**About this exercise**
Lines to return, exactly: from the line with "Carlisle 10422B13 High" to the line with "space shuttle astronaut deaths - photo #23" in the entries below, both included.

**Stored items**
[Start of section]
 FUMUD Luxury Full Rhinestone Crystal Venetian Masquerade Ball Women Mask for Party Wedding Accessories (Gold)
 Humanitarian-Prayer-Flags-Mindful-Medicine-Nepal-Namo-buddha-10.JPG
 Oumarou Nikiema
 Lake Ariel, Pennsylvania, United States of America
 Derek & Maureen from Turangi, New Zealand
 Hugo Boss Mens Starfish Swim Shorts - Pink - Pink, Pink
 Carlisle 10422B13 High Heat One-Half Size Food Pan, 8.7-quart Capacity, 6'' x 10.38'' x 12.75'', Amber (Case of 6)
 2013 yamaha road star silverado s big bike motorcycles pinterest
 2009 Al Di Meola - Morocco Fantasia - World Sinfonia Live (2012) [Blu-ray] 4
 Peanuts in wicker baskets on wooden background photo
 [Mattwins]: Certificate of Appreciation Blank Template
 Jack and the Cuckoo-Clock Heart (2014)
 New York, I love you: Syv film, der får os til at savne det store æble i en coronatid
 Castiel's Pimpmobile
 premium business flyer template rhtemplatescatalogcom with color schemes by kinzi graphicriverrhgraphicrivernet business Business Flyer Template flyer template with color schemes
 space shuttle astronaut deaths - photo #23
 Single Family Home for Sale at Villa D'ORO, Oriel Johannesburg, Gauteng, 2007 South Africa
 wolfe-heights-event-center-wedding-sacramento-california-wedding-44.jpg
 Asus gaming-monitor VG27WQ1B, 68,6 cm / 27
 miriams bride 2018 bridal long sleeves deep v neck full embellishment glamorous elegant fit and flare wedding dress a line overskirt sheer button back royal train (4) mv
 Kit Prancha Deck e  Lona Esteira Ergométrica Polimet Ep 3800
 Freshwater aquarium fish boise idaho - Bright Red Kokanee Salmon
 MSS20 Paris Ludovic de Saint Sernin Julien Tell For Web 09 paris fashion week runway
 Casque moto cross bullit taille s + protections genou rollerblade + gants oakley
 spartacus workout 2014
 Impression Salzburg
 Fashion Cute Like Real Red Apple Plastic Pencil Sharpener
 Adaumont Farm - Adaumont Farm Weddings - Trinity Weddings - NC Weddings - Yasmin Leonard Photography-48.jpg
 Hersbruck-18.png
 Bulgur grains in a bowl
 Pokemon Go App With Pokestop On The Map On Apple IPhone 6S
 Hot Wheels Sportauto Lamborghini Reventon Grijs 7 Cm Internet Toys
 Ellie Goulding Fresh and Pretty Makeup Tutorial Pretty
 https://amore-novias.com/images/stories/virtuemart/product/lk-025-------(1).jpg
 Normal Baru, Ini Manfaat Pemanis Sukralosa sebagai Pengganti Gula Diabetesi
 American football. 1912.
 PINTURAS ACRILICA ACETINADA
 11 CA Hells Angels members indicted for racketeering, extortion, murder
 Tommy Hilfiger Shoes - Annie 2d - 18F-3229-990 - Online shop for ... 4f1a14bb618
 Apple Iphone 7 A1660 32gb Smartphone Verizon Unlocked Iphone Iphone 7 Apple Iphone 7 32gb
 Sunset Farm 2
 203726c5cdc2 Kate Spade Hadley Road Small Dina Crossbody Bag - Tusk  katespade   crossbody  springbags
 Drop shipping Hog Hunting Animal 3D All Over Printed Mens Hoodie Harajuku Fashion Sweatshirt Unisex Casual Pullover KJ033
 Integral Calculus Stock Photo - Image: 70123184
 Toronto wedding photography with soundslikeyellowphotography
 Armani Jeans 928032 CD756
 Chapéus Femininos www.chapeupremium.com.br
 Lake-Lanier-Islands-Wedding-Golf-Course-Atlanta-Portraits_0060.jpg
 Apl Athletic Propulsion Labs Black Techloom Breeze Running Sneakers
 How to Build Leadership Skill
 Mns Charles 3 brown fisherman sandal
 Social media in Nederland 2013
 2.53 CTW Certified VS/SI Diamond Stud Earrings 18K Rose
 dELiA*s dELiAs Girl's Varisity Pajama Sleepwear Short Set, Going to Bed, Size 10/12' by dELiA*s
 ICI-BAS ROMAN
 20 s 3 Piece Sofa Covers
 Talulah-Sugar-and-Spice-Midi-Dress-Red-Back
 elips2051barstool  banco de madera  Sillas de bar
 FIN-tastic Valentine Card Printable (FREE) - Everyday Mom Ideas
[End of section]
**Response below**
 Carlisle 10422B13 High Heat One-Half Size Food Pan, 8.7-quart Capacity, 6'' x 10.38'' x 12.75'', Amber (Case of 6)
 2013 yamaha road star silverado s big bike motorcycles pinterest
 2009 Al Di Meola - Morocco Fantasia - World Sinfonia Live (2012) [Blu-ray] 4
 Peanuts in wicker baskets on wooden background photo
 [Mattwins]: Certificate of Appreciation Blank Template
 Jack and the Cuckoo-Clock Heart (2014)
 New York, I love you: Syv film, der får os til at savne det store æble i en coronatid
 Castiel's Pimpmobile
 premium business flyer template rhtemplatescatalogcom with color schemes by kinzi graphicriverrhgraphicrivernet business Business Flyer Template flyer template with color schemes
 space shuttle astronaut deaths - photo #23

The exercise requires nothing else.